I'm experimenting with building a game engine from scratch in Java, and I have a couple questions. My main game loop looks like this:
int FPS = 60;
while(isRunning){
/* Current time, before frame update */
long time = System.currentTimeMillis();
update();
draw();
/* How long each frame should last - time it took for one frame */
long delay = (1000 / FPS) - (System.currentTimeMillis() - time);
if(delay > 0){
try{
Thread.sleep(delay);
}catch(Exception e){};
}
}
As you can see, I've set the framerate at 60FPS, which is used in the delay
calculation. The delay makes sure that each frame takes the same amount of time before rendering the next.
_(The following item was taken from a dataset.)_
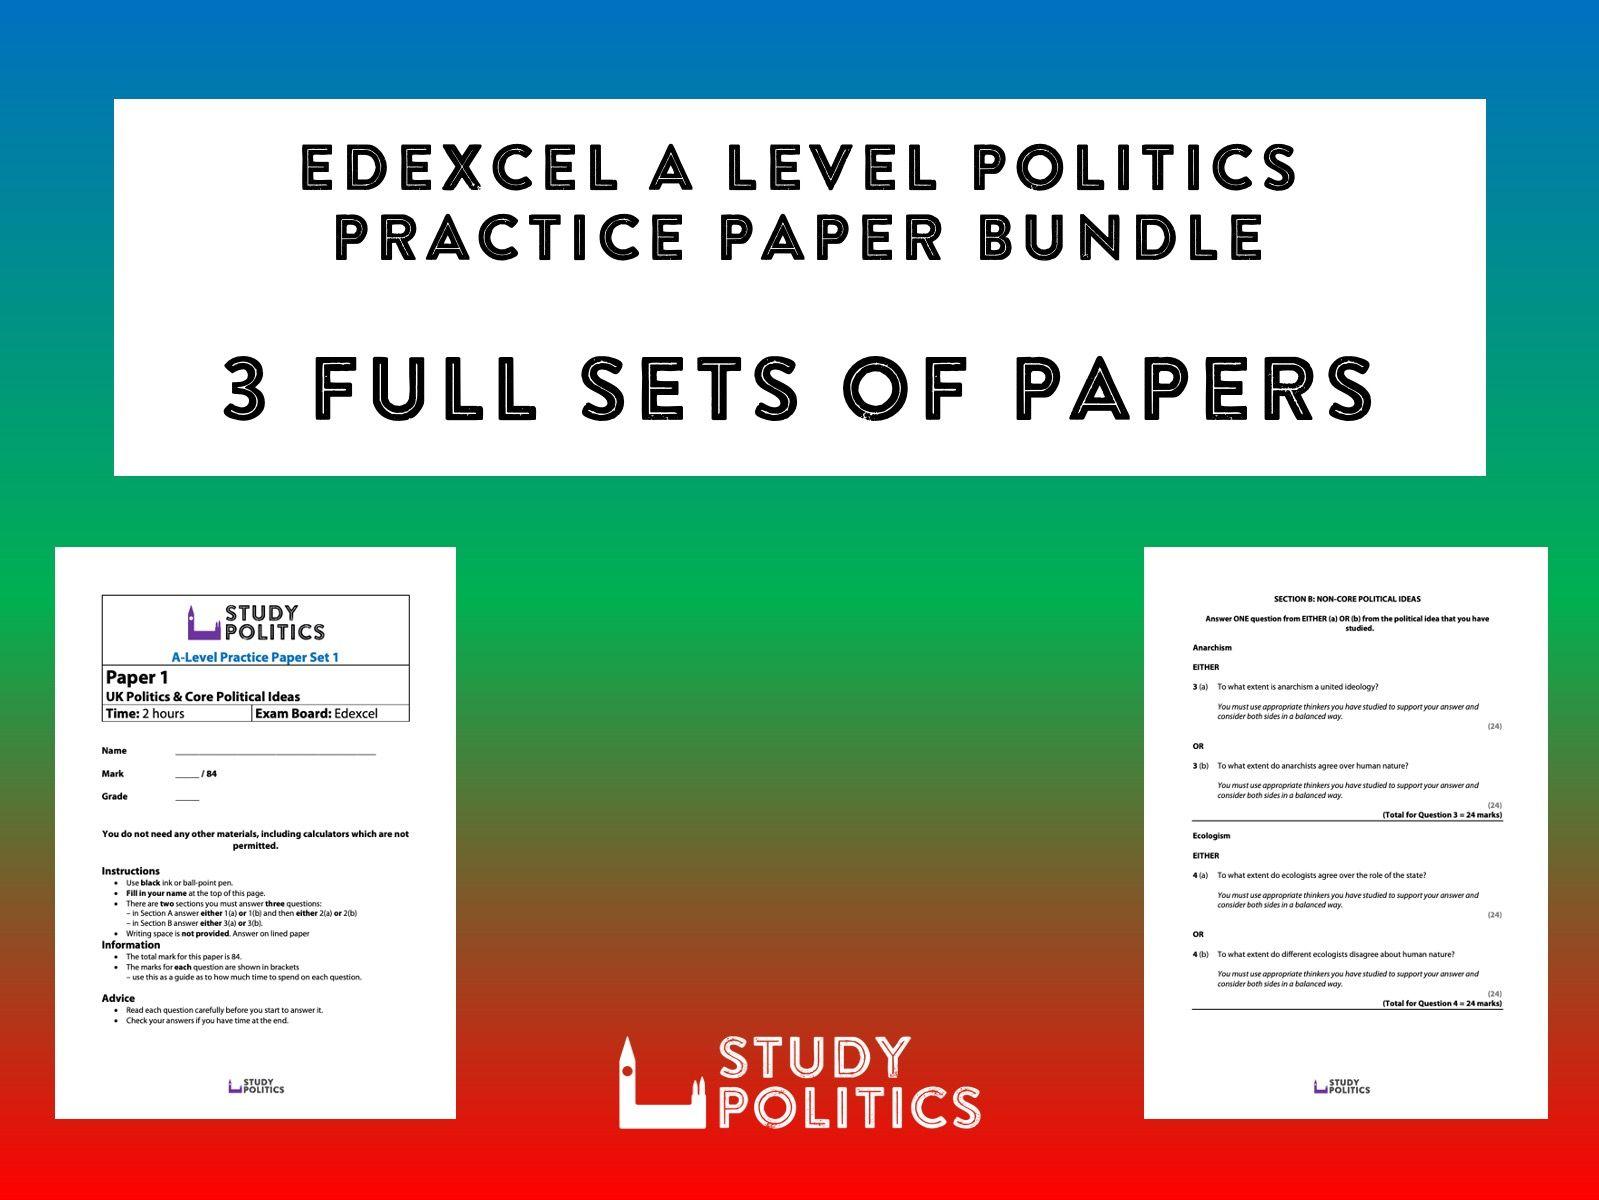 Edexcel A Level Politics Practice Paper Bundle - 3 Full Sets of Practice Papers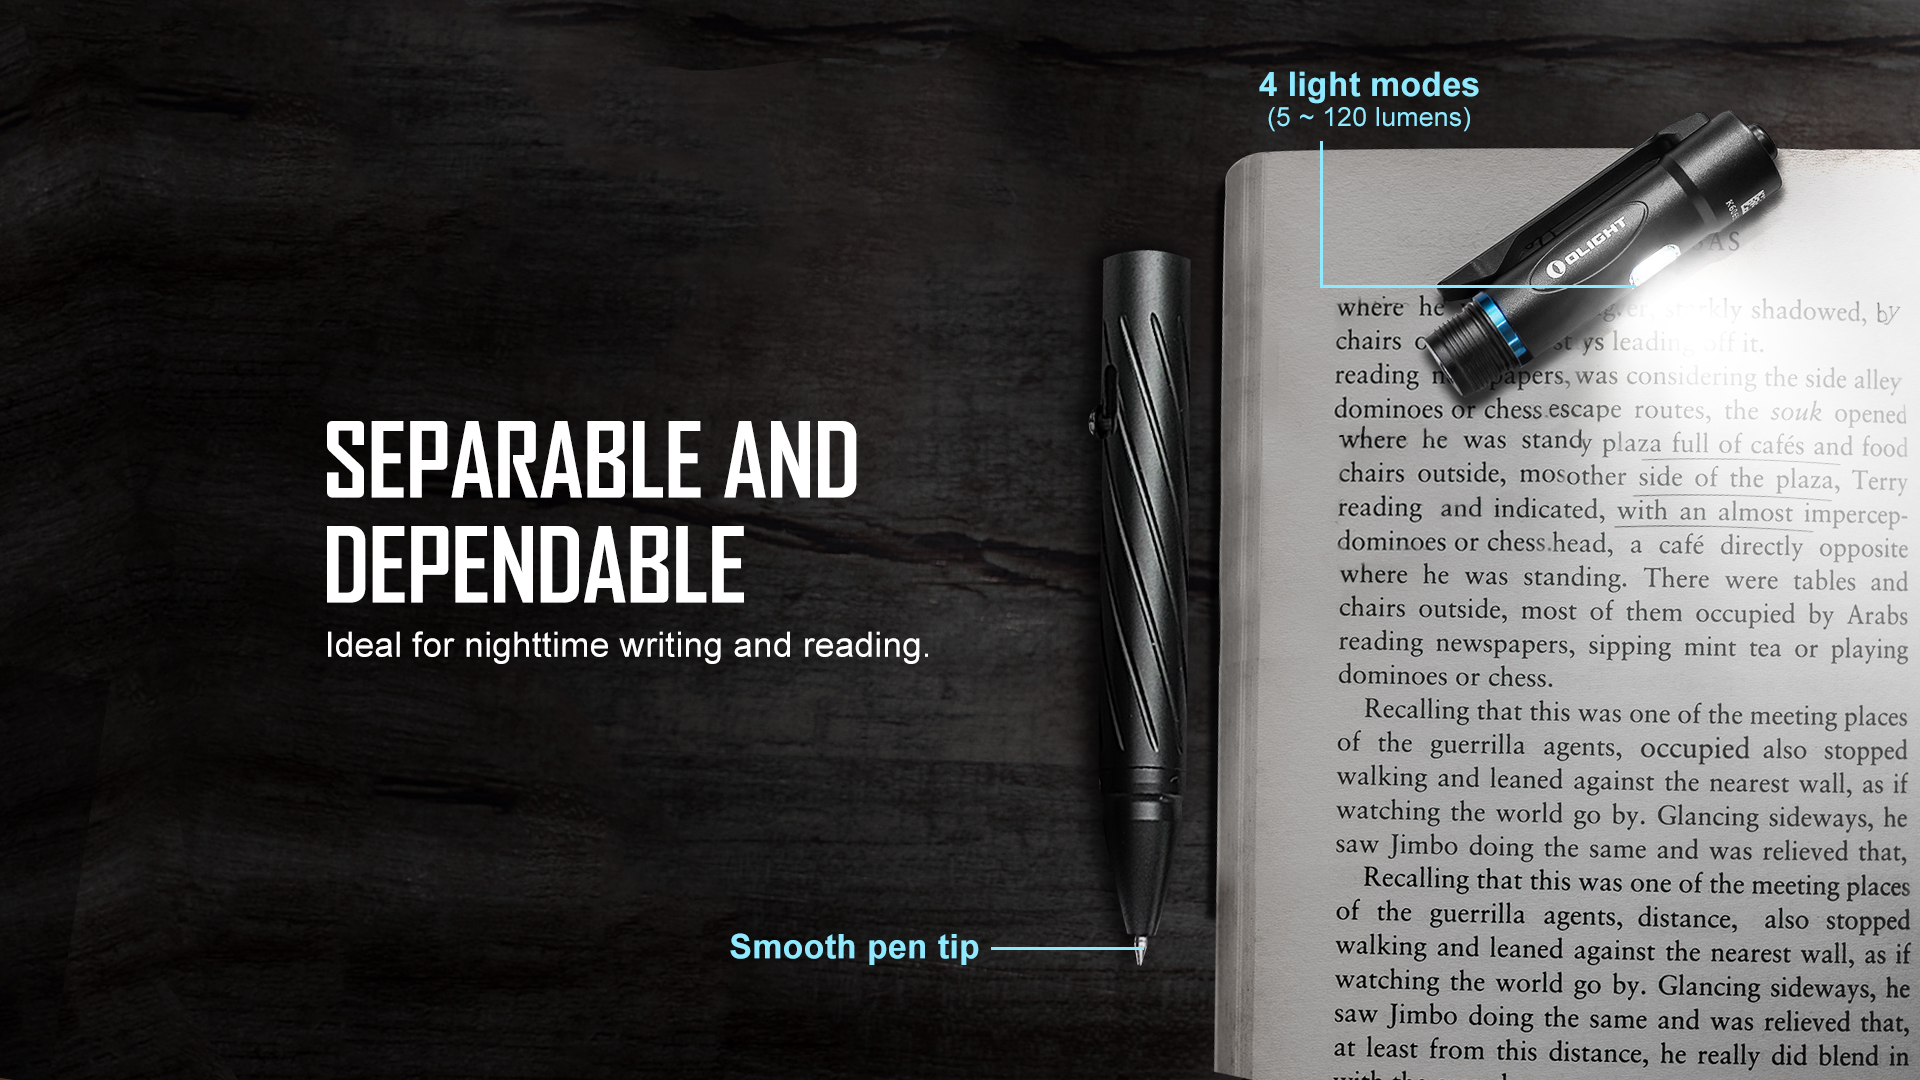 open 2 rechargeable pen light

In my update()
function I do x++
which increases the horizontal value of a graphics object I draw with the following:
bbg.drawOval(x,40,20,20);
What confuses me is the speed. when I set FPS
to 150, the rendered circle goes across the speed really fast, while setting the FPS
to 30 moves across the screen at half the speed. Doesn't framerate just affect the "smoothness" of the rendering and not the speed of objects being rendered? I think I'm missing a big part, I'd love some clarification.
1000 / FPS
division could be done and the result assigned to a variable before yourwhile(isRunning)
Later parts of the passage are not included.